Book Review: Flow by Mihaly C.

Though written quite a while ago, this is one of the best books I have encountered. It is full of life hacks for greater happiness, and it so good that it is worth coming back to again and again to understand what it takes to be in a state of flow more often in your life. The author researched the state of FLOW, defined as the optimal state between boredom and anxiety.

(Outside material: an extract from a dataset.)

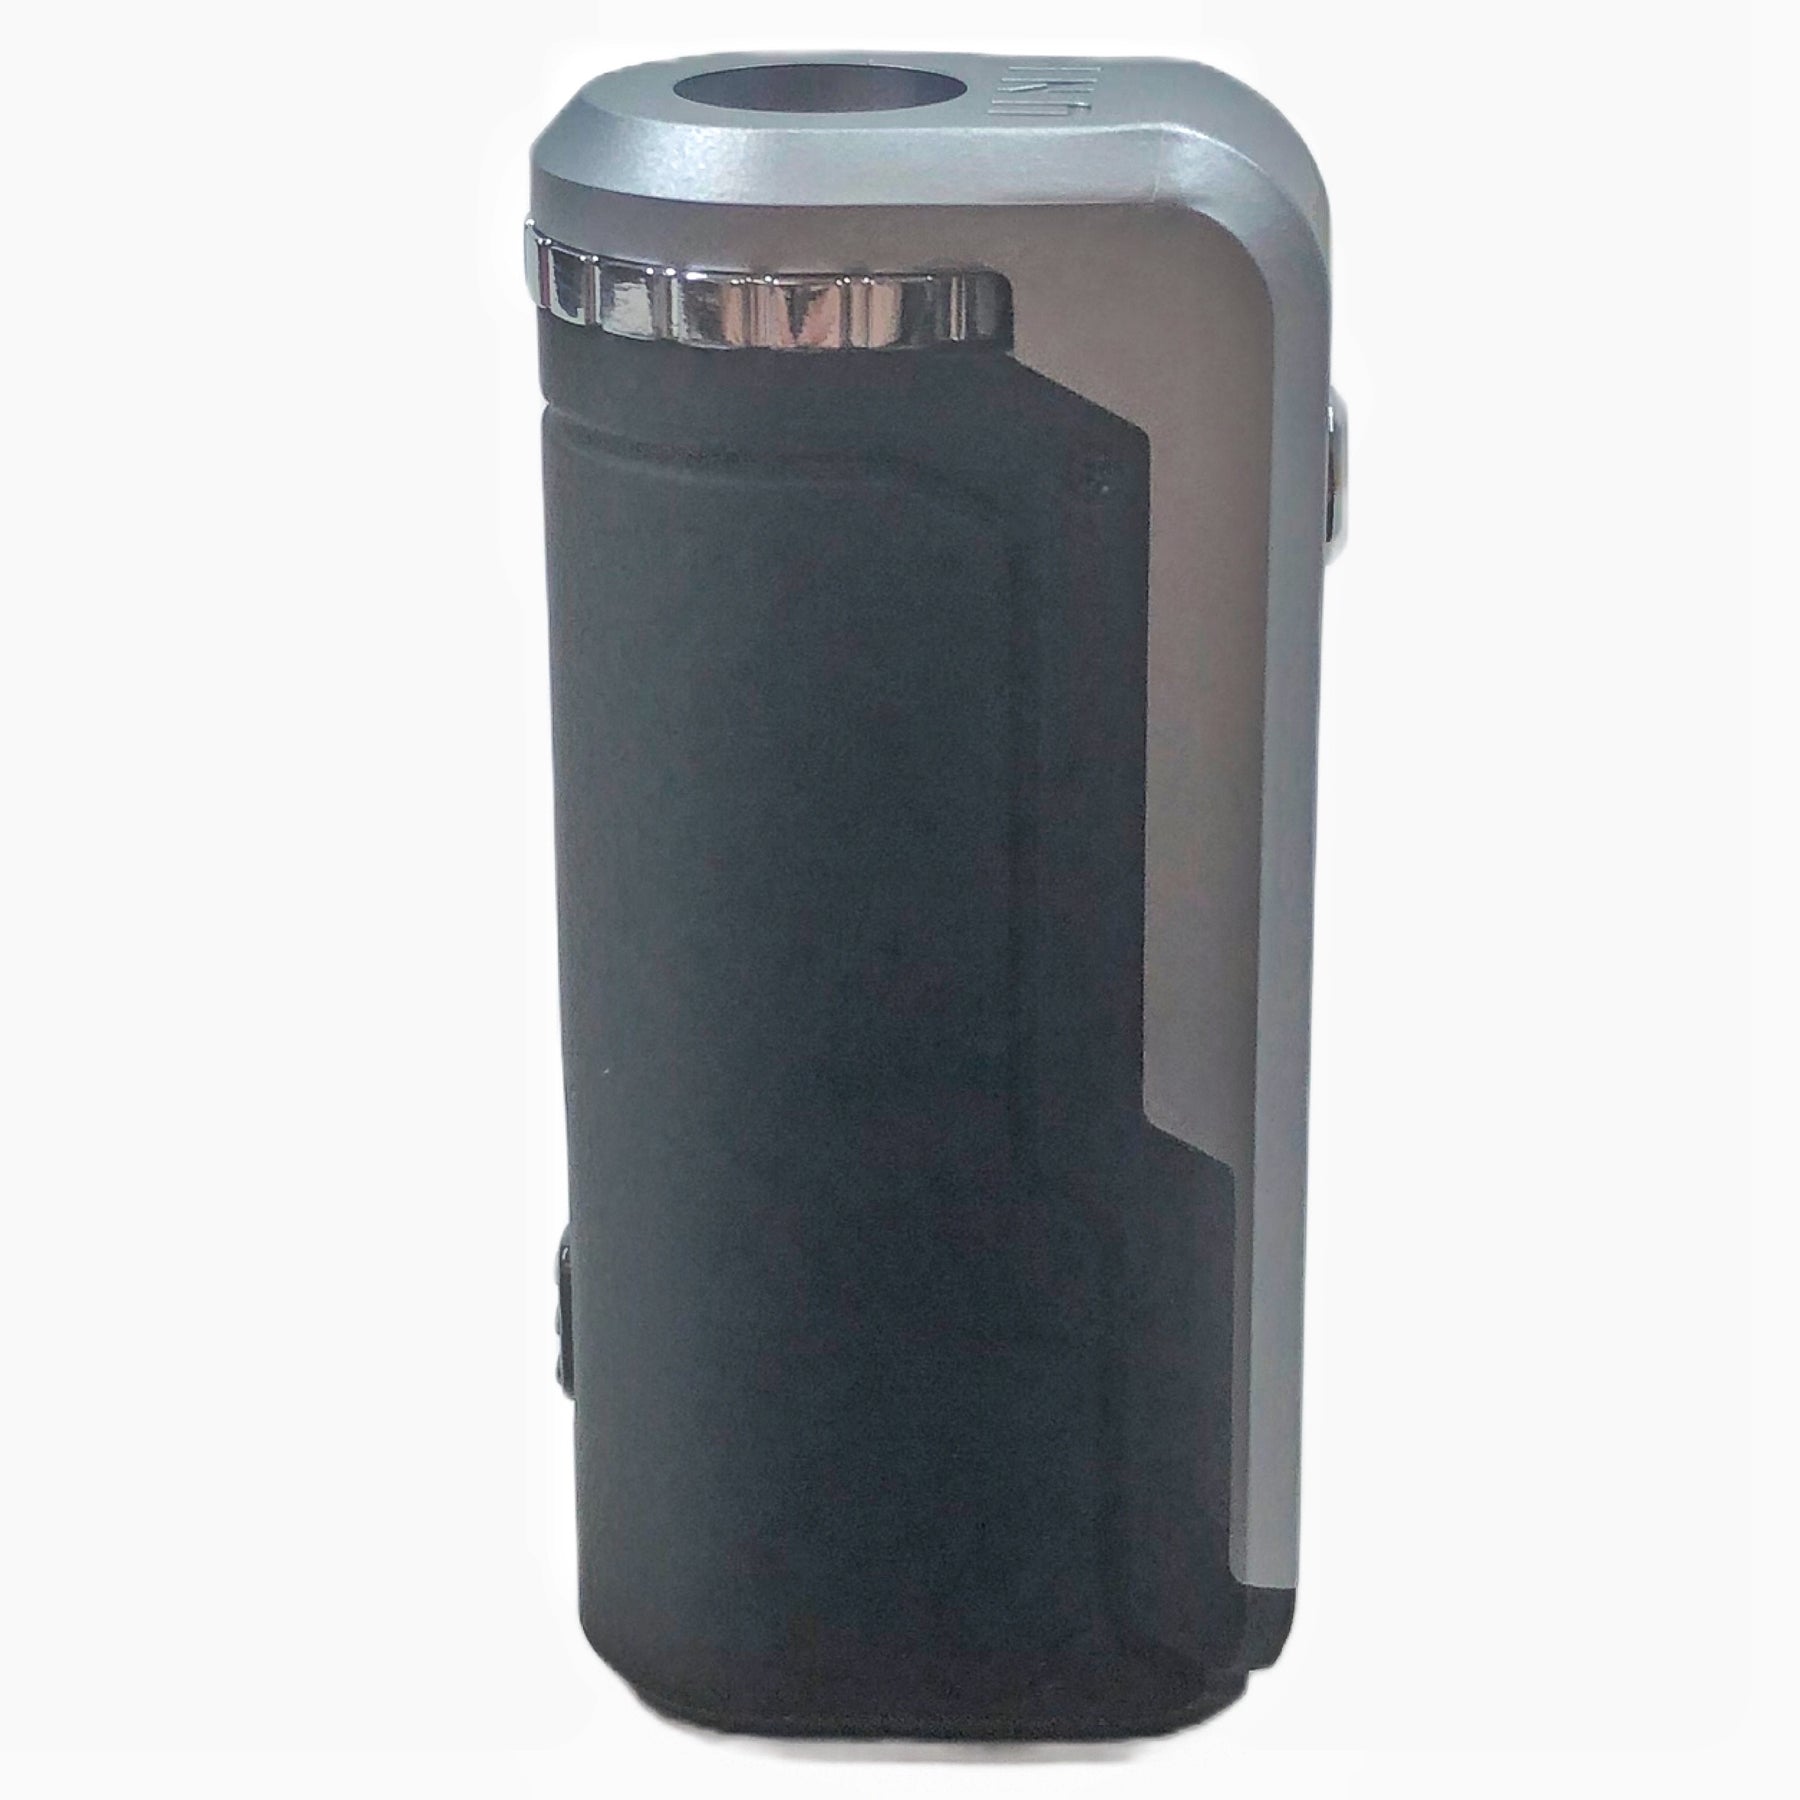 Silver and Black Herb Vaporizer

According to Mihaly’s research of over 50 years, people report the following EIGHT characteristics consistently when they are in a state of FLOW:

1. Goals are clear.
2. Feedback on how they are doing is clear.
3. Their ability to do a task matches the demands of the task.
4. They are able to apply concentration and focus.
5. Everyday worries and cares disappear.
6. They feel in control of their destiny, or experience self-determination.
7. They are not worried about how they appear to others, no worry of judgement.
8. They feel they are contributing toward the common symphony of life and as such sense a timelessness, or transcendence of time.

Then, the author provides gentle, attainable suggestions for each area of life, reminding the reader about all of the possibilities that exist in our lives to achieve greater flow.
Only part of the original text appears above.